Civic leaders and members of the public joined players and fans from current Premier League leaders Liverpool on the 30th anniversary of the Hillsborough tragedy.
It was in 1989 when 96 fans of Liverpool, some children, others pensioners, were crushed to death at the start of a cup clash at the Hillsborough stadium of Sheffield Wednesday.
The game had kicked off at 3pm as the tragedy at the entrance and in one of the main stands was unfolding, and at 3:06 the referee abandoned the game as the dead and injured were carried from the ground.
The memory of that tragic Saturday afternoon was as alive on Monday as it was in 1989 as the city came together to remember.
The bells tolled 96 at city hall, and flags on public buildings flew at half-mast, while the famous ferries on the River Mersey sounded their horns.

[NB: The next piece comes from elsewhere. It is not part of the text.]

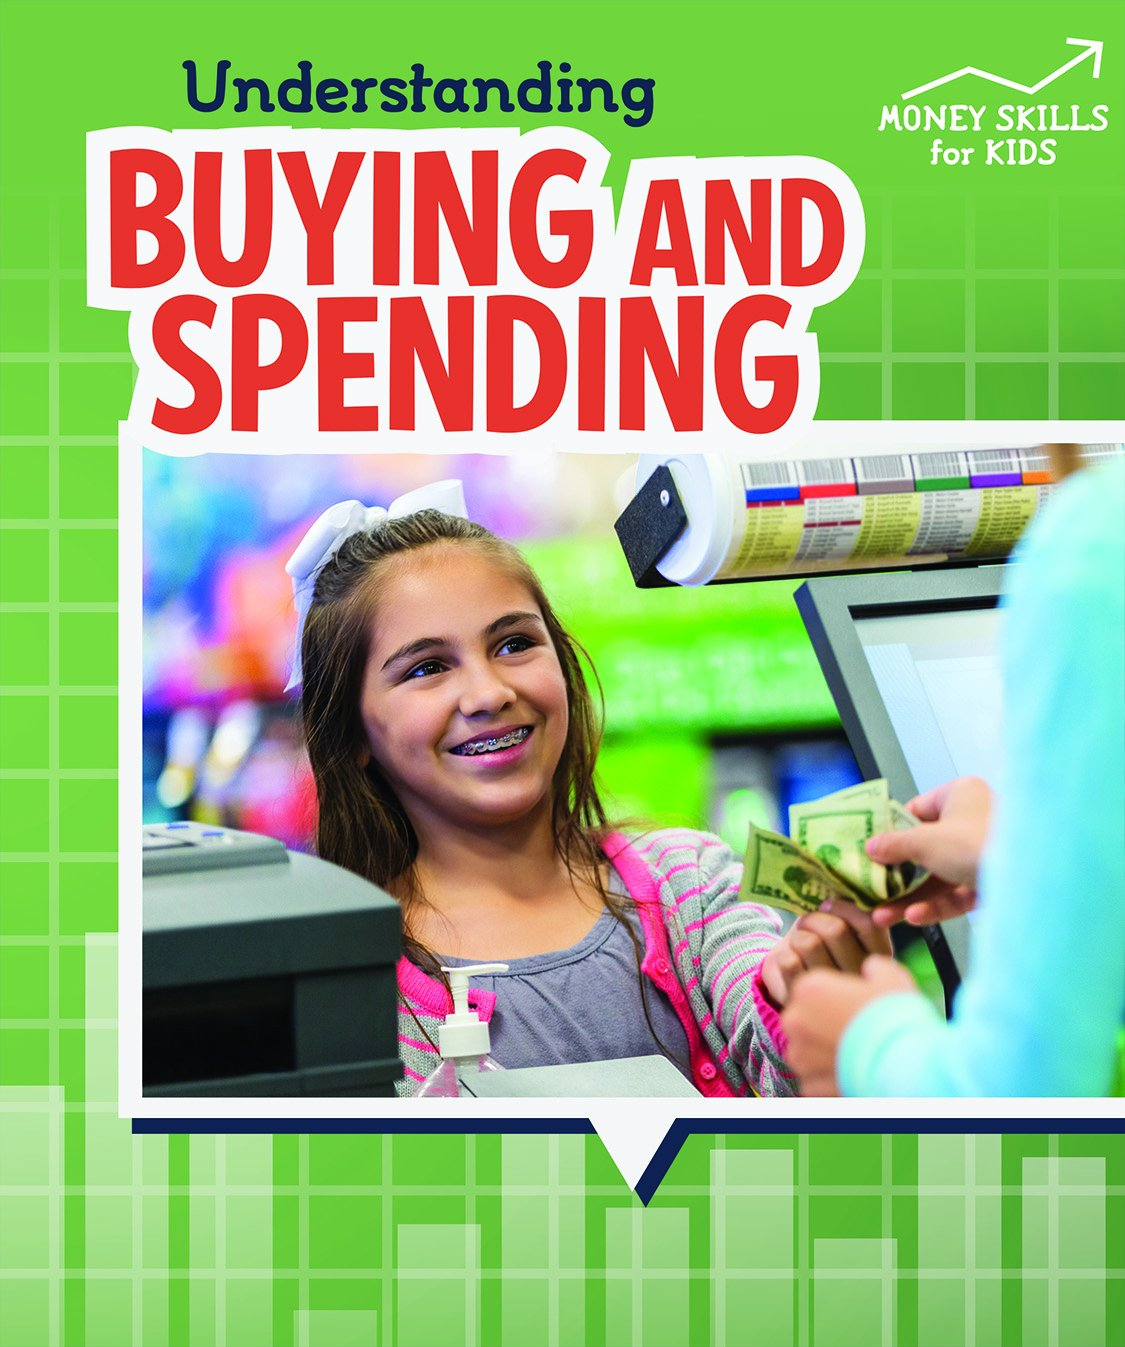 Understanding Buying and Spending (Money Skills for Kids)

Thousands of shop and office workers in downtown Liverpool joined in a minute’s silence, many people watching aboard buses and in taxis that stopped in the streets to observe the tribute.
On the steps of the city’s St George’s Hall, floodlit in Liverpool’s red color, 96 lanterns were lit in memory of each victim.
Liverpool Mayor Joe Anderson led the tributes by laying a floral tribute at St George’s Hall.
More flowers were laid along with Liverpool FC scarves in a memorial that will remain in place for several days.
Anderson commented: “It’s a difficult and emotional day as always. We just wanted the families to know we’re thinking of them and we hope that gives them some comfort.”
Major clubs from around Britain also sent messages of support to Liverpool as they too remembered a day that changed football in Britain.